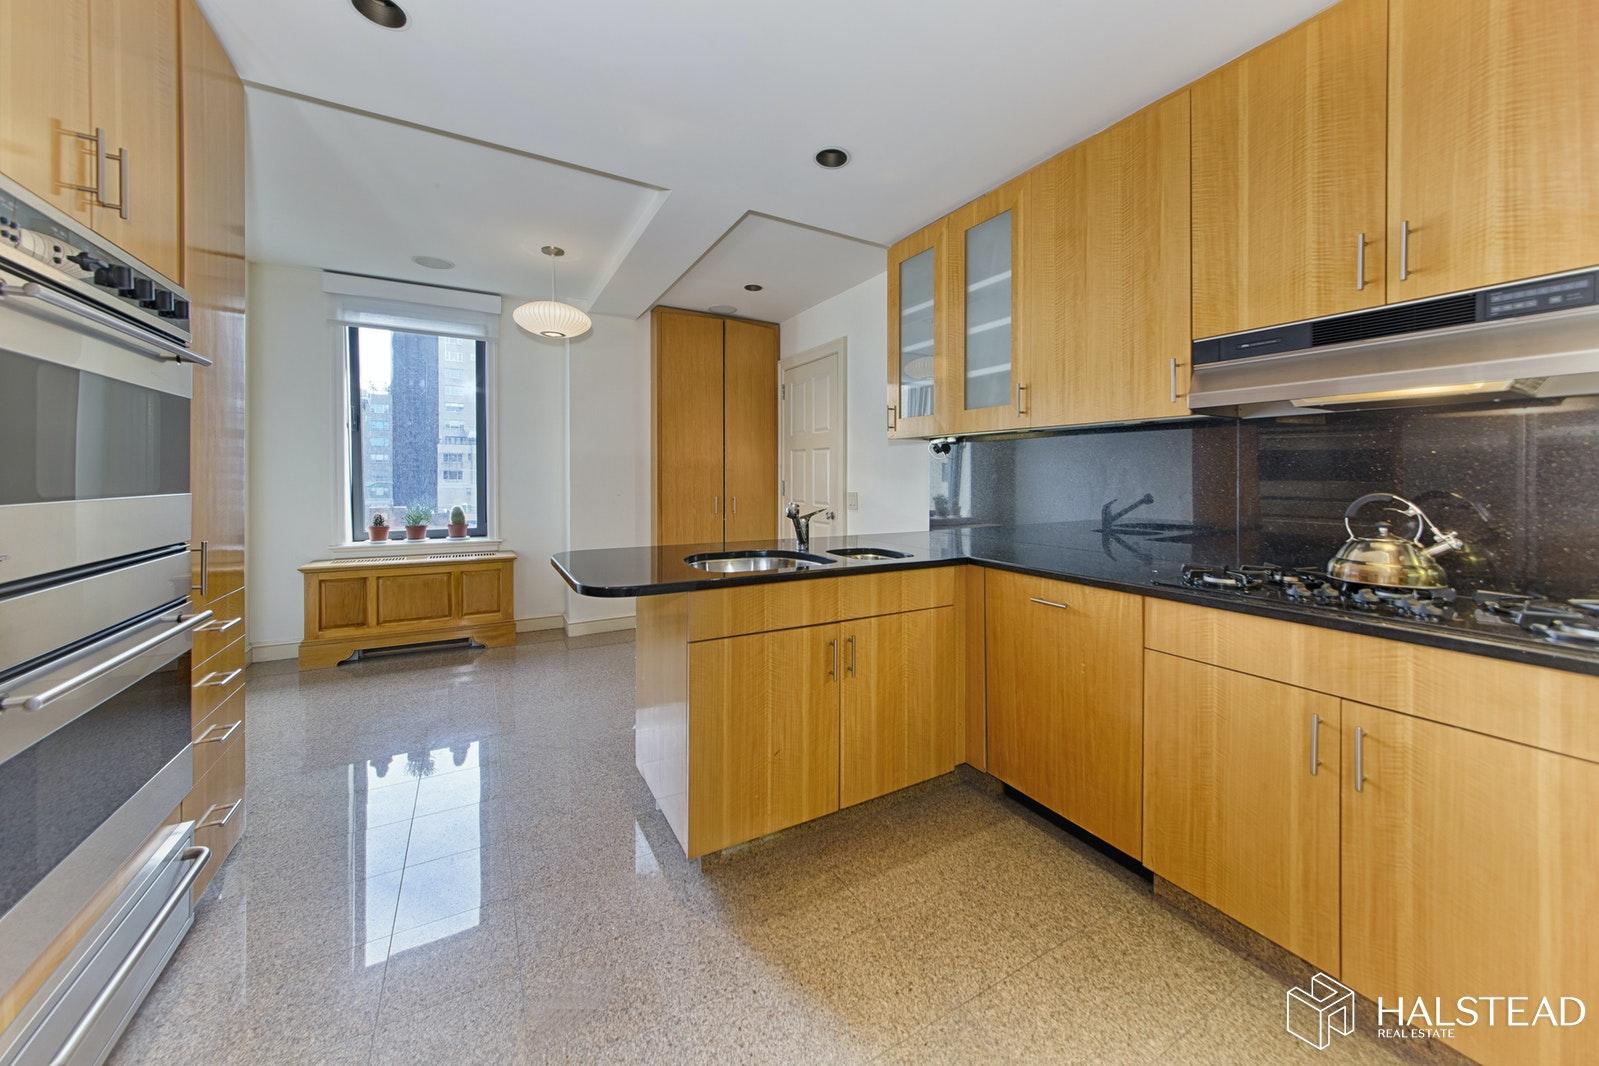 15 EAST 69TH STREET 11C, Upper East Side, $6,995,000, Web #: 20148116
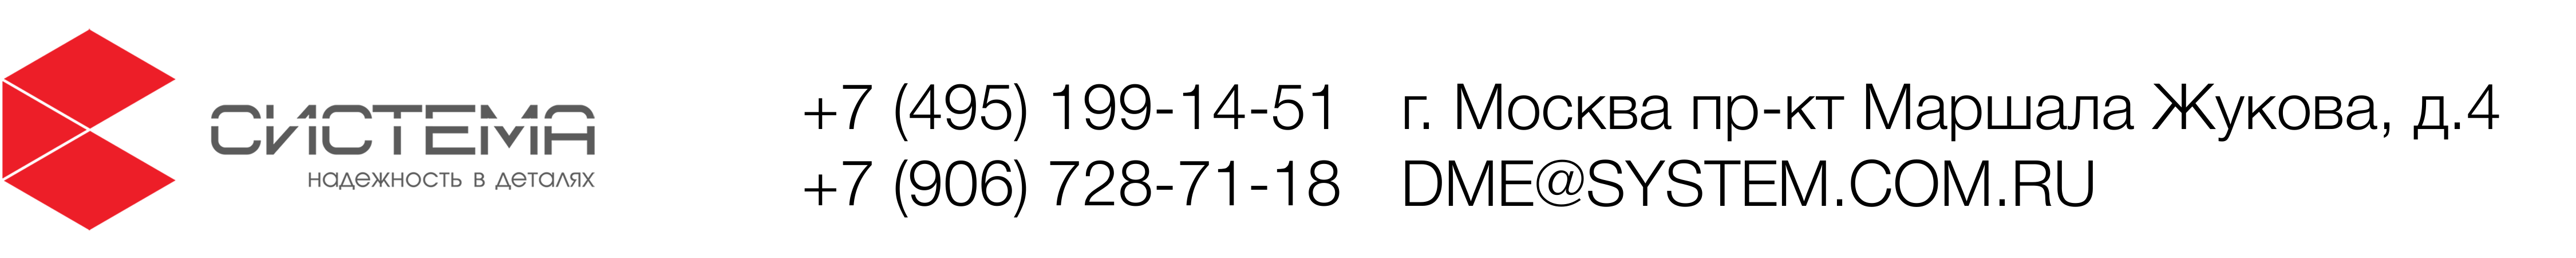 DMERU, SYSTEM
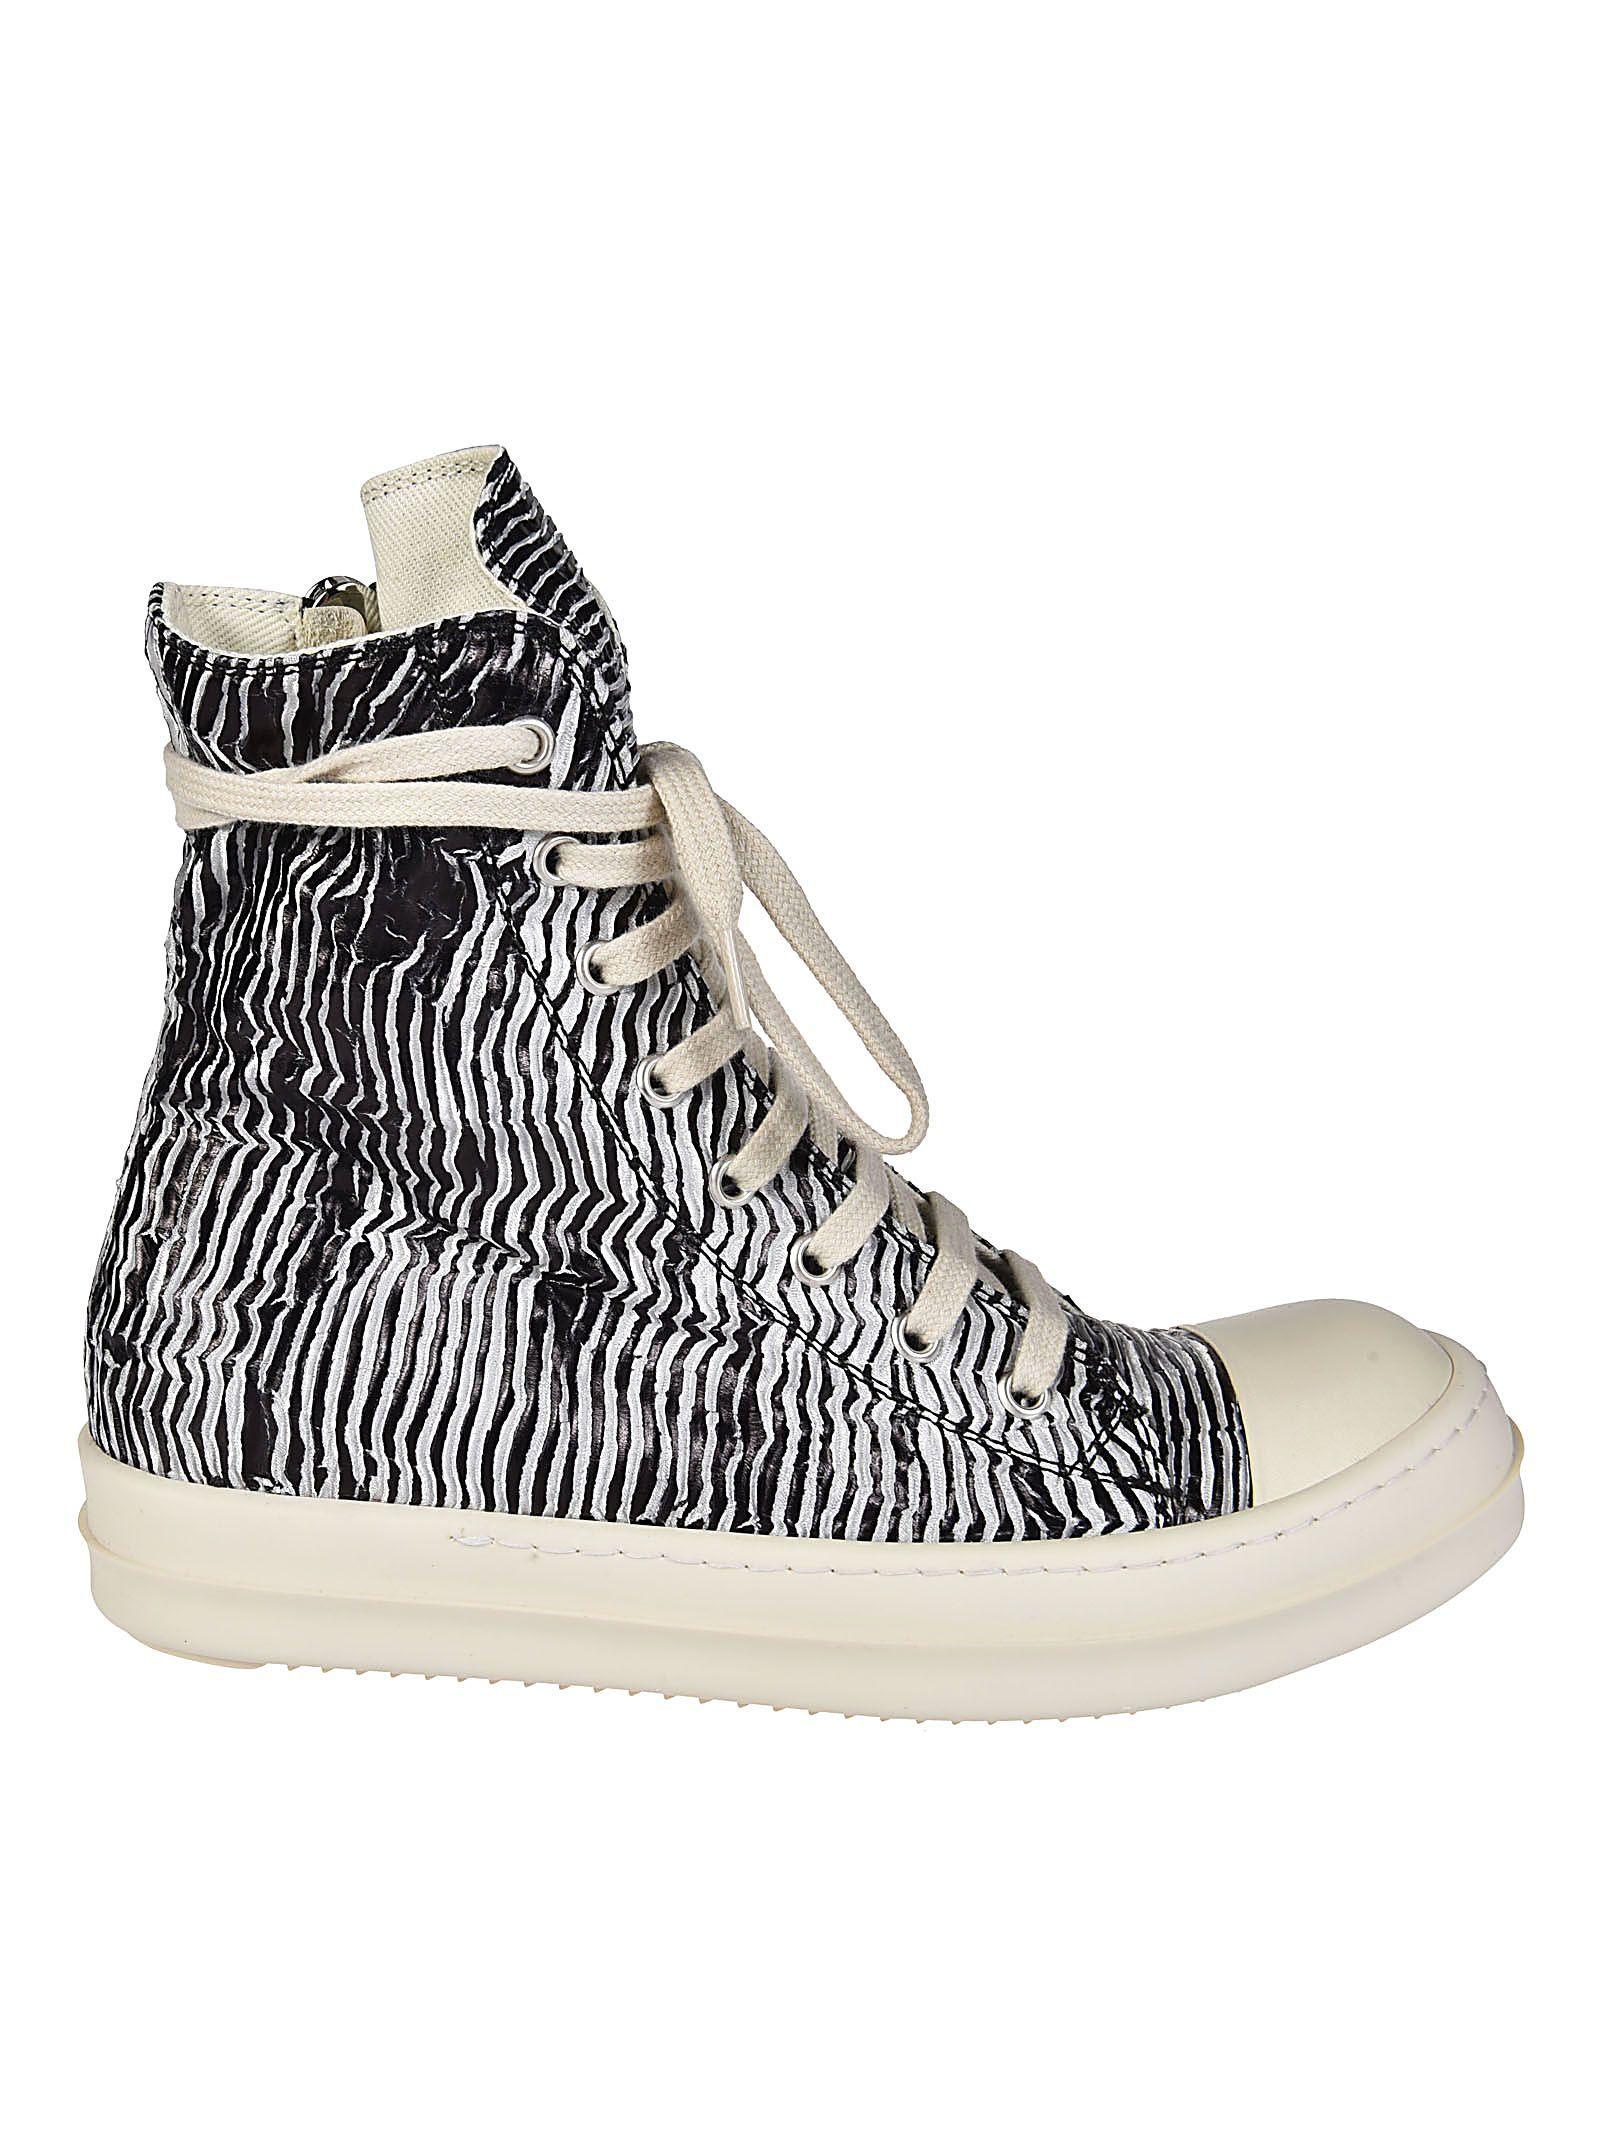 Rick Owens Metallic Zip Hi Top Sneakers Cheap Price Wholesale Cost Cheap Price Sale Best Seller GJsQlNHP

What the task asks
The copy runs from the line containing "DMERU, SYSTEM" through the last line of the material, both ends included. Reproduce those lines exactly and drop the pictures.

Final answer
 DMERU, SYSTEM
 Rick Owens Metallic Zip Hi Top Sneakers Cheap Price Wholesale Cost Cheap Price Sale Best Seller GJsQlNHP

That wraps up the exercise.